We describe a new approach to making luminophores that display long emission wavelengths, long decay times, and high quantum yields. These luminophores are covalently linked pairs with a long-lifetime resonance-energy-transfer donor and a long-wavelength acceptor. The donor was a ruthenium (Ru) metal-ligand complex. The acceptor was the Texas Red. The donor and acceptor were covalently linked by polyproline spacers. The long-lifetime donor results in a long-lived component in the acceptor decay, which is due to RET. Importantly, the quantum yield of the luminophores approaches that of the higher quantum yield acceptor, rather than the lower quantum yield typical of metal-ligand complexes. The emission maxima and decay time of such tandem luminophores can be readily adjusted by selection of the donor, acceptor, and distance between them. Luminophores with these useful spectral properties can also be donor-acceptor pairs brought into close proximity by some biochemical association reaction. Luminophores with long-wavelength emission and long lifetimes can have numerous applications in biophysics, clinical diagnostics, DNA analysis, and drug discovery.

Figure 1.

Effect of energy transfer efficiency on the total quantum yield.

Figure 2.

Simulated time-dependent decays of the donor and acceptor, each alone and in a D–A pair.

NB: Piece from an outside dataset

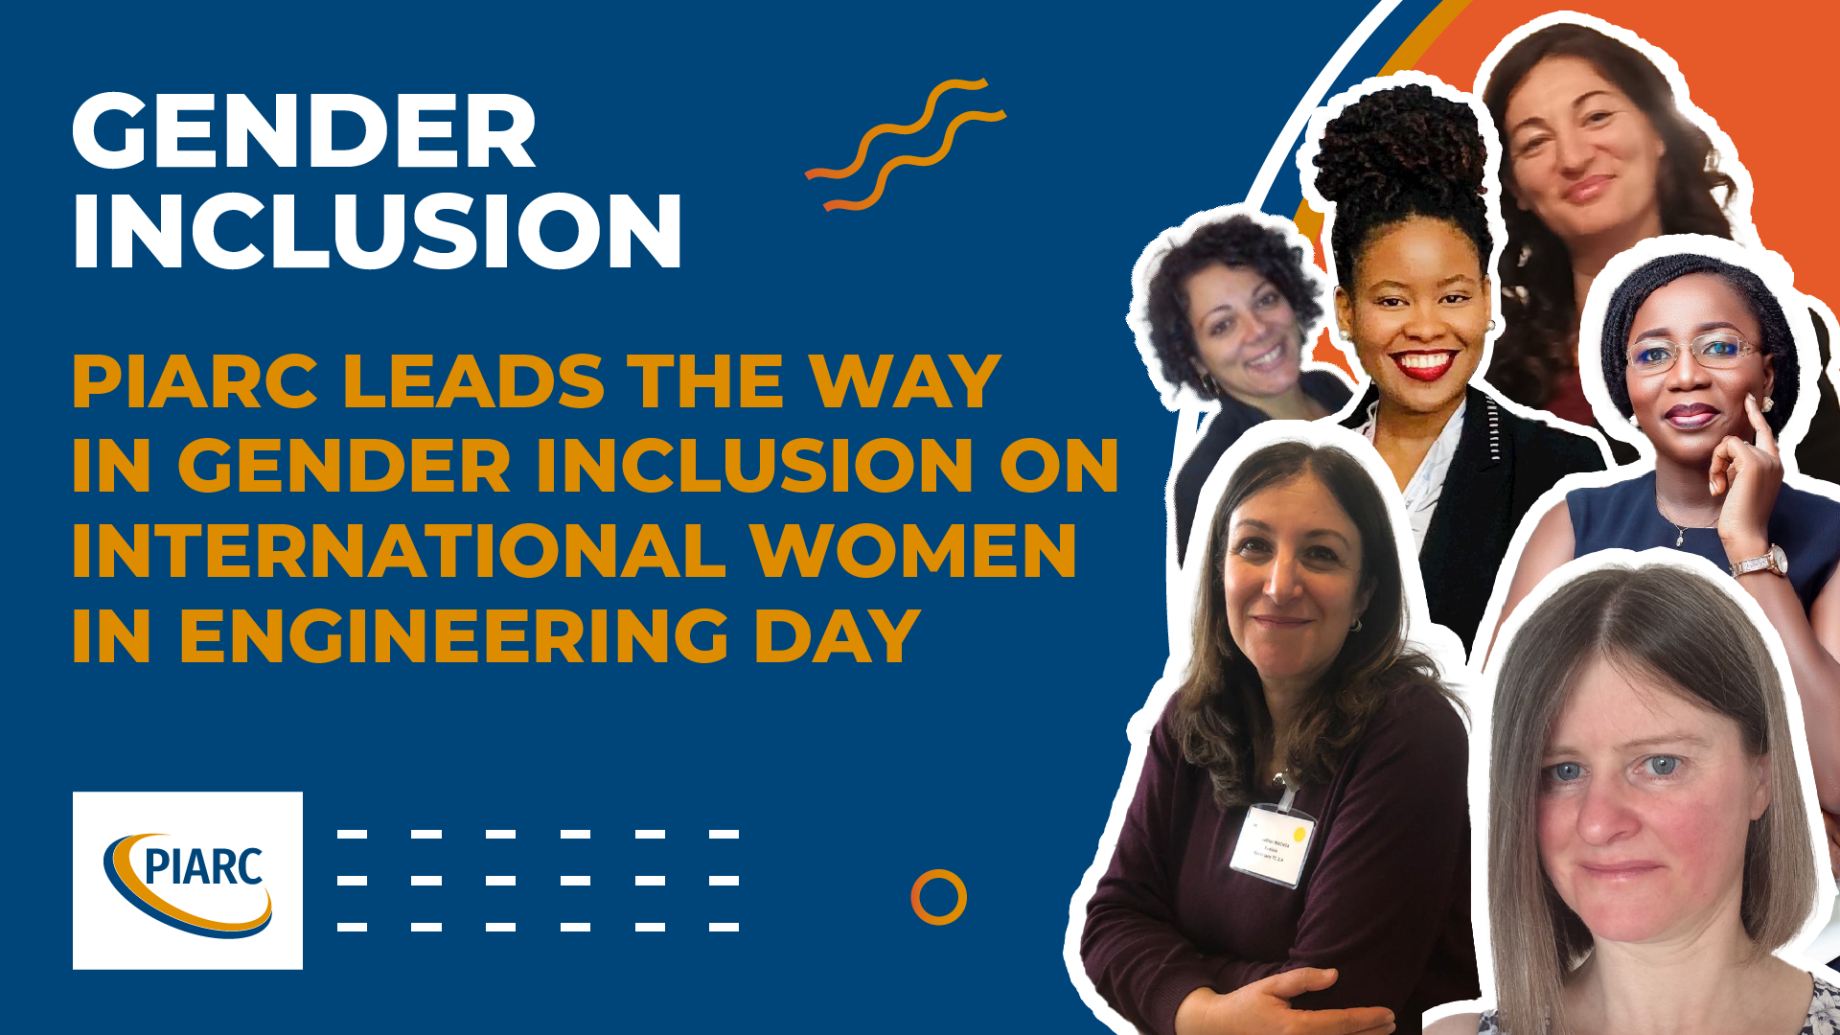 PIARC leads the way in gender inclusion on International Women in Engineering Day
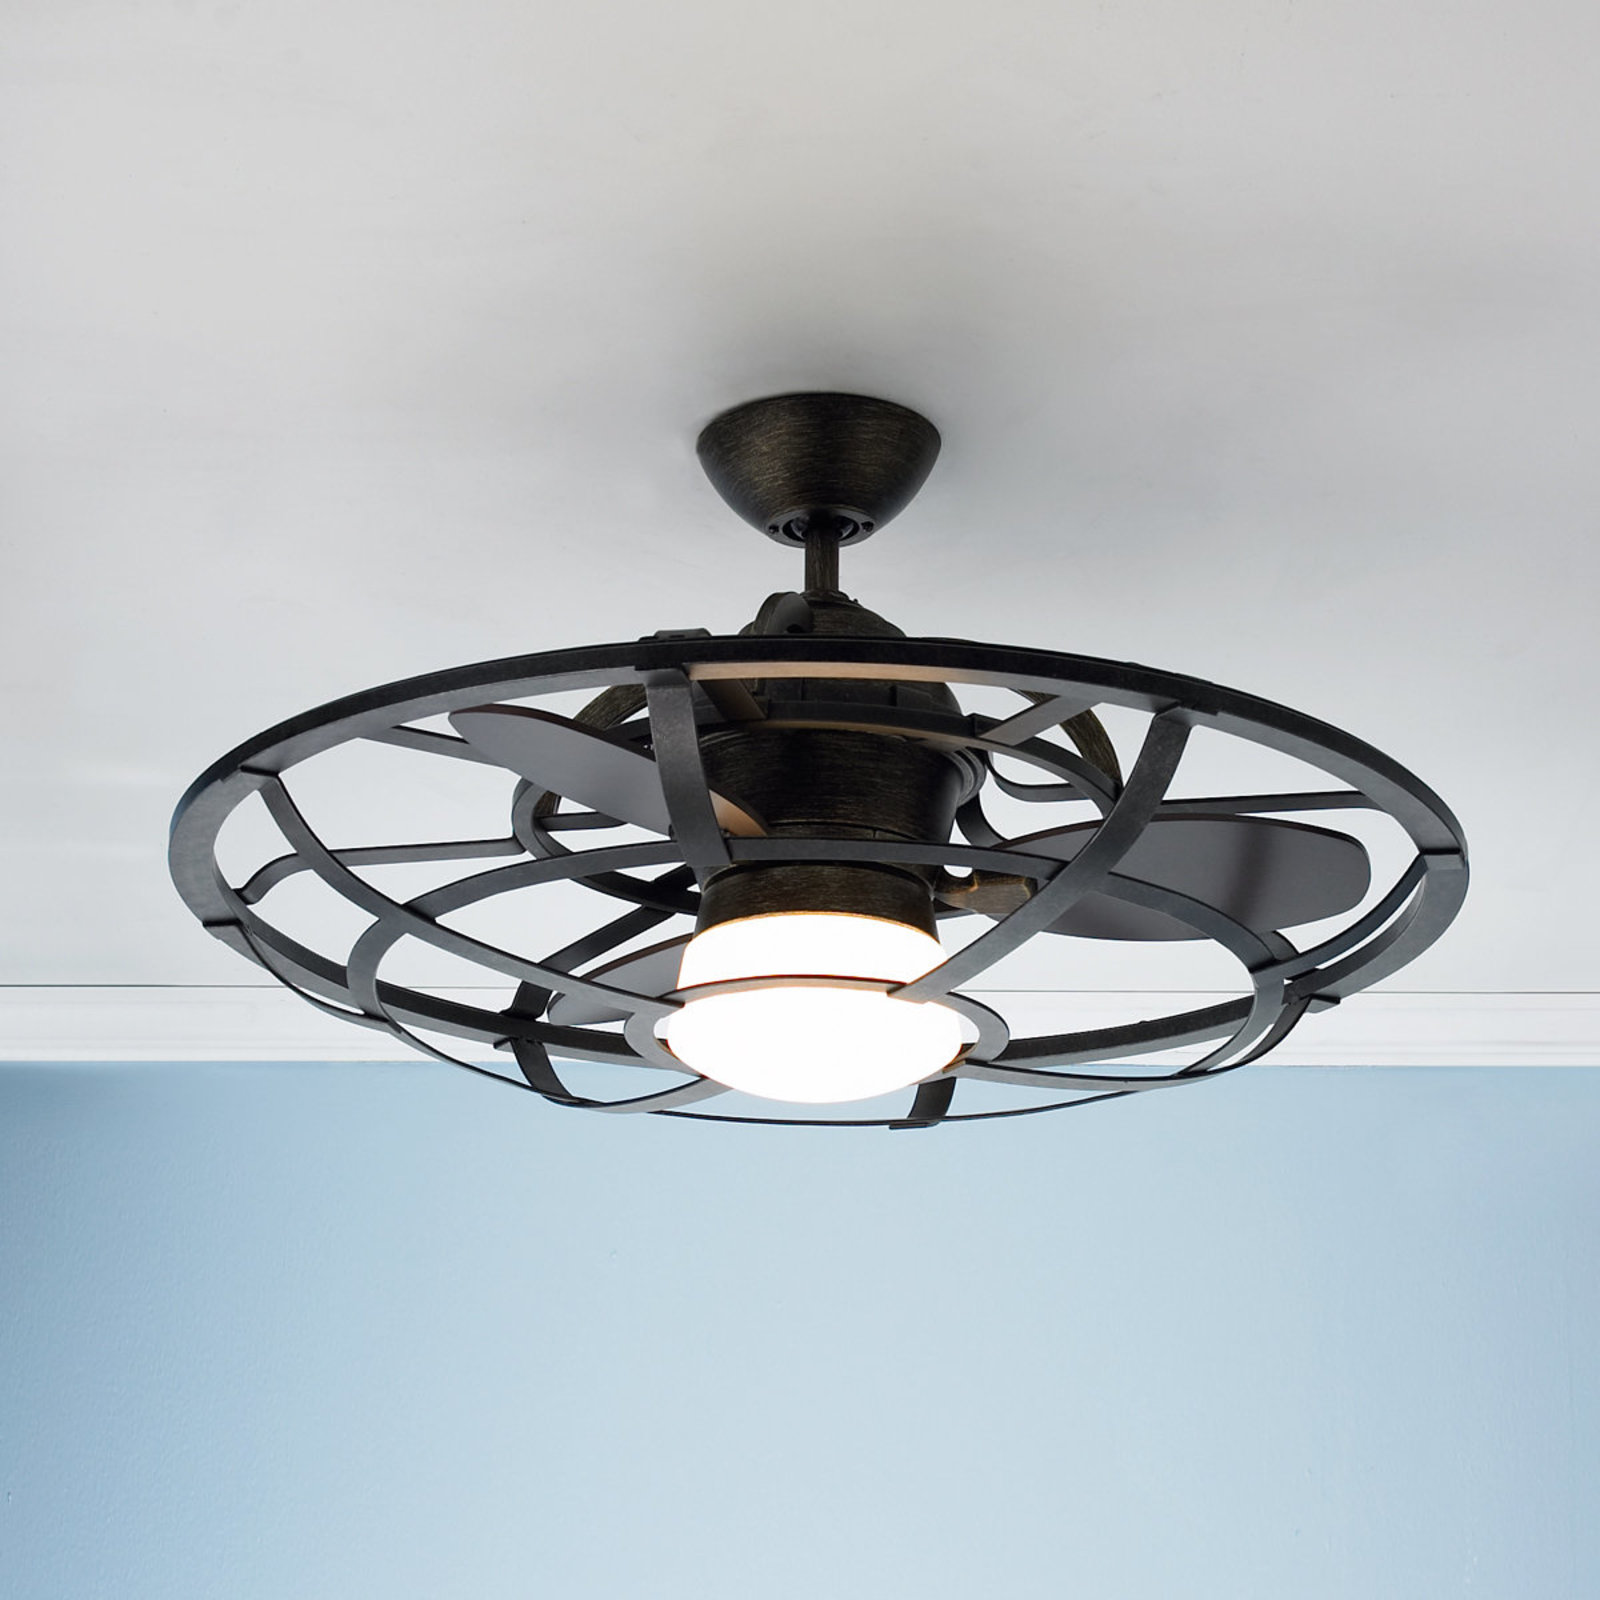 All Ceiling Fans | Explore Our Curated Collection - Shades of Light

For these simulations, ${\tau }_{\text{D}}^0=1000\text{ns}$, and ${\tau }_{\text{A}}^0=10\text{ns}$.

Figure 3.

Emission spectra of the Ru–(pro)₆ donor (D) the TR acceptor (A) and the covalently linked pair (D–A) in aqueous buffer.

Figure 4.

Absorption (top) and excitation (bottom) spectra of Ru–(pro)₆(D), TR(A), and Ru–(pro)₆-TR (D–A) in aqueous buffer.

Figure 5.

Ratio of the absorption spectra (top) and emission spectra (bottom) of the D–A pair divided by that of the acceptor in aqueous buffer.

Figure 6.

Frequency domain intensity decays of the donor alone (D), acceptor alone (A), and the covalently linked D-pro₆-A pair in aqueous buffer (top) and in propylene glycol (bottom).

Figure 7.

Frequency domain intensity decays of the donor alone (D), acceptor alone (A), and the covalently linked D-pro₈-cys-A pair in the aqueous buffer (top) and in propylene glycol (bottom).

Figure 8.

Reconstructed time-domain intensity decays of the donor alone (D), acceptor alone (A), and the covalently linked pair (D–A) in water (top) and in propylene glycol (bottom). The solid line, τ_DA, is for D-pro₆-A and the dashed–dotted (–•–•–) line, τ_DA, is for D-pro₈-A.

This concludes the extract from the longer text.